Data section:
- Opening Delimiter -
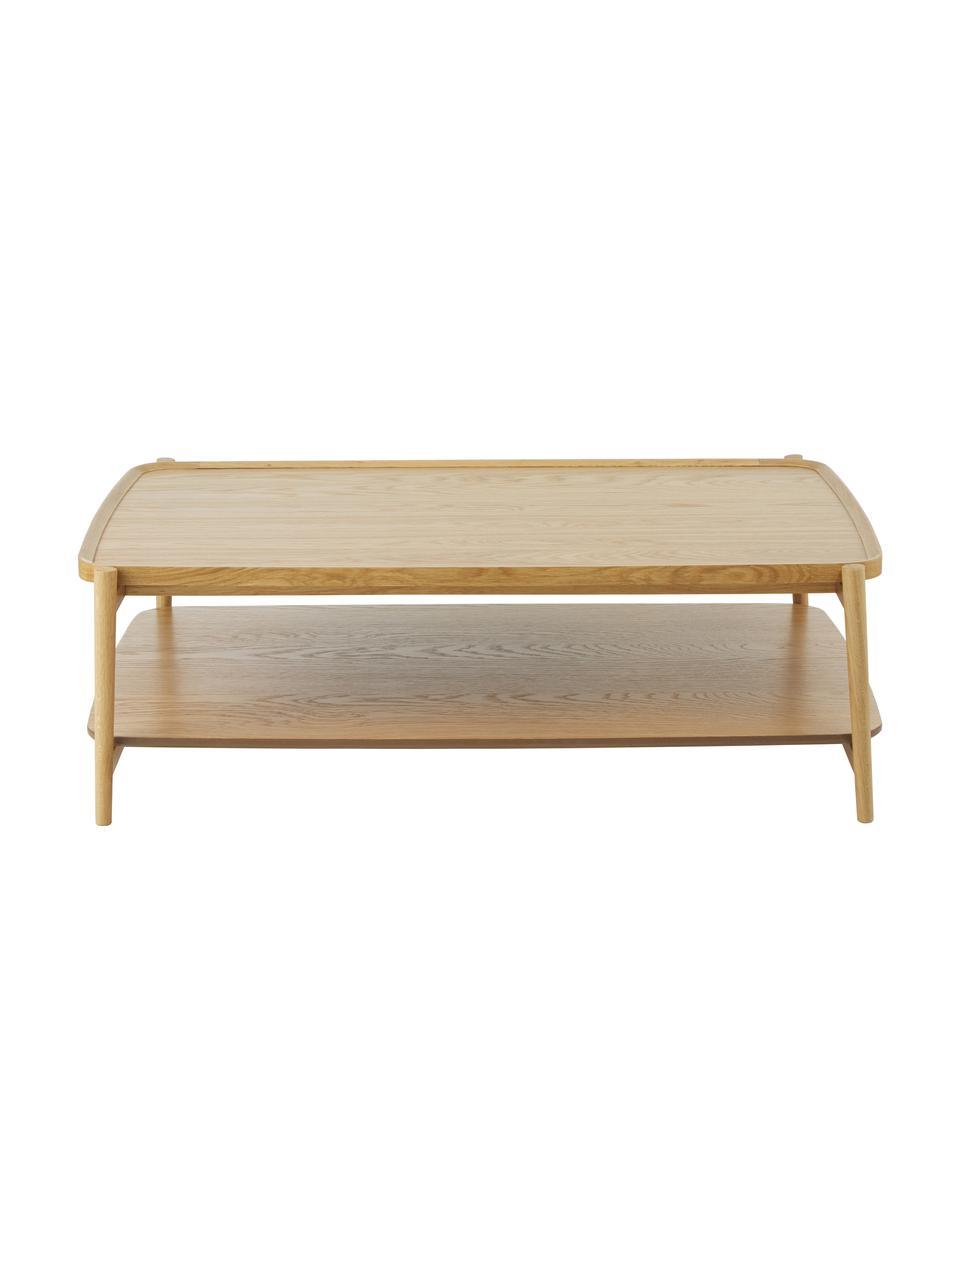 Tavolino da salotto in legno di quercia Libby, Struttura: legno massiccio di querci, Legno di quercia, Larg. 110 x Alt. 35 cm
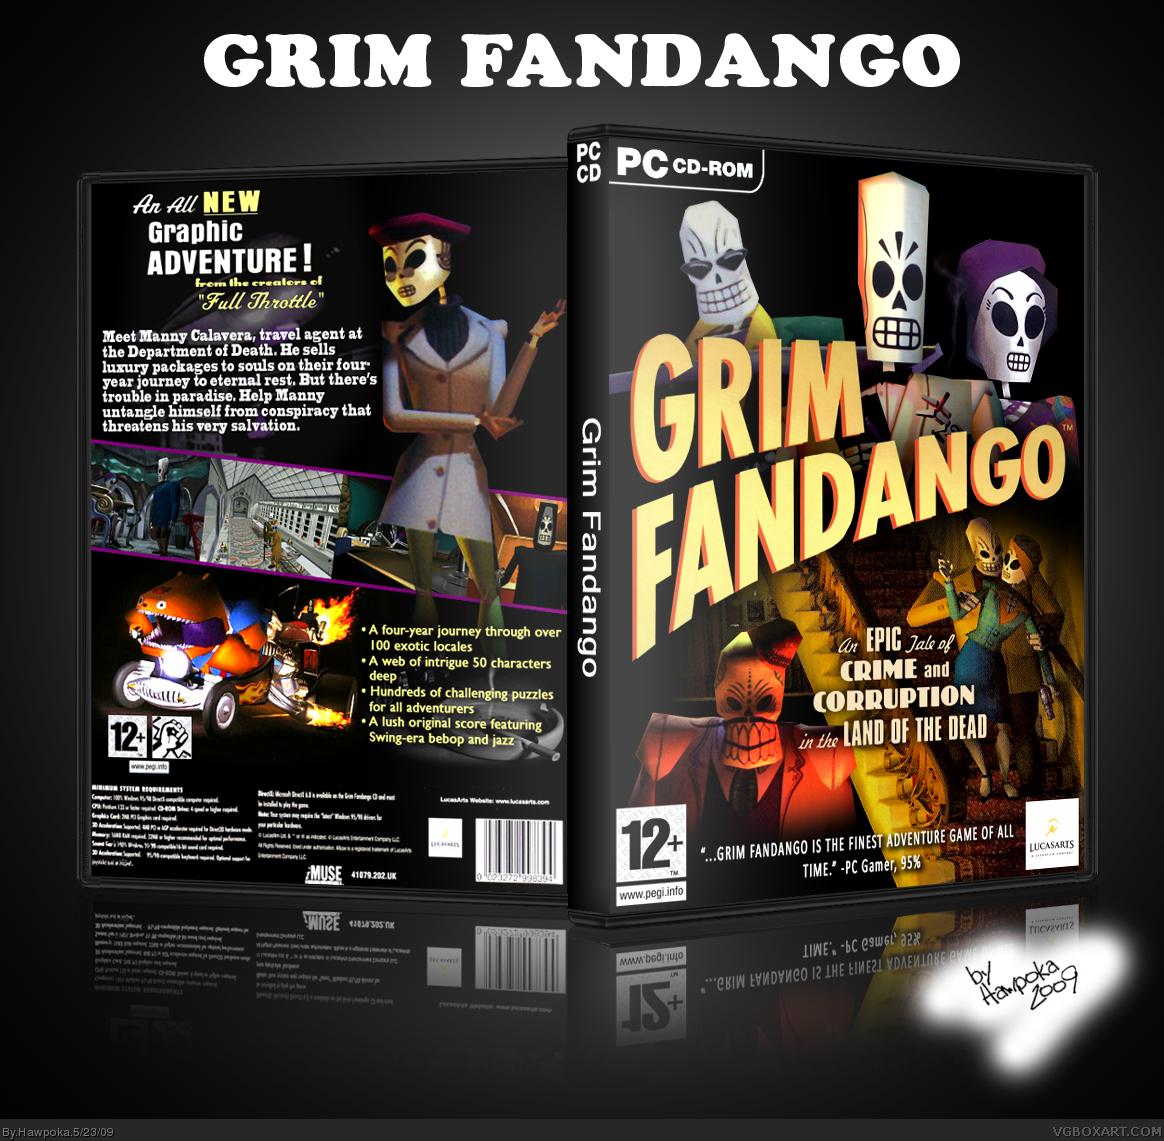 Grim Fandango Box Cover Comments
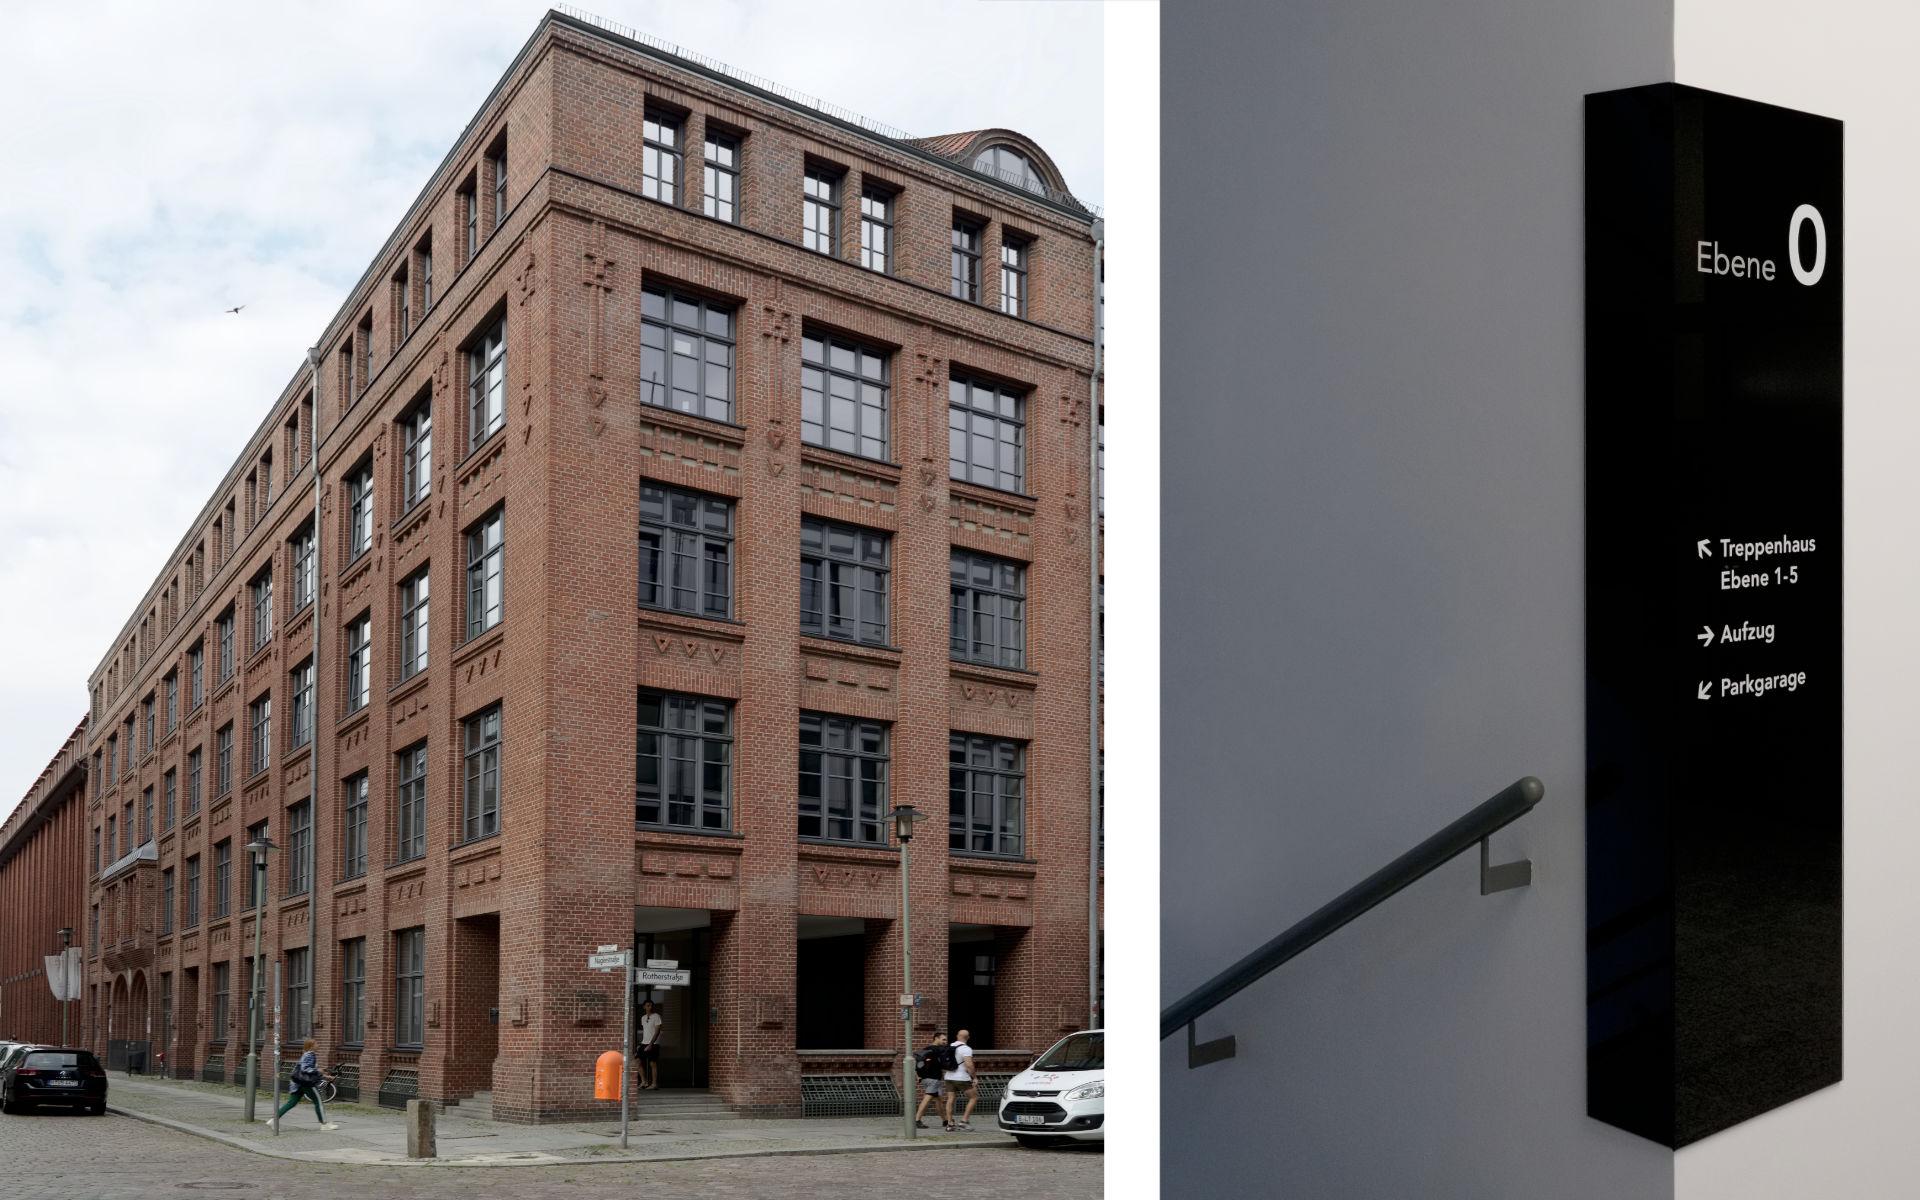 Oberbaumcity Mieteruebersicht Buerohaus Beschilderung Leitsystem Design Berlin UV2
- Closing Delimiter -
Your instructions: Each line from the one containing "Grim Fandango Box Cover Comments" through the final line of the data must be reproduced exactly, both ends included, with no pictures in the copy.

Written reply:
 Grim Fandango Box Cover Comments
 Oberbaumcity Mieteruebersicht Buerohaus Beschilderung Leitsystem Design Berlin UV2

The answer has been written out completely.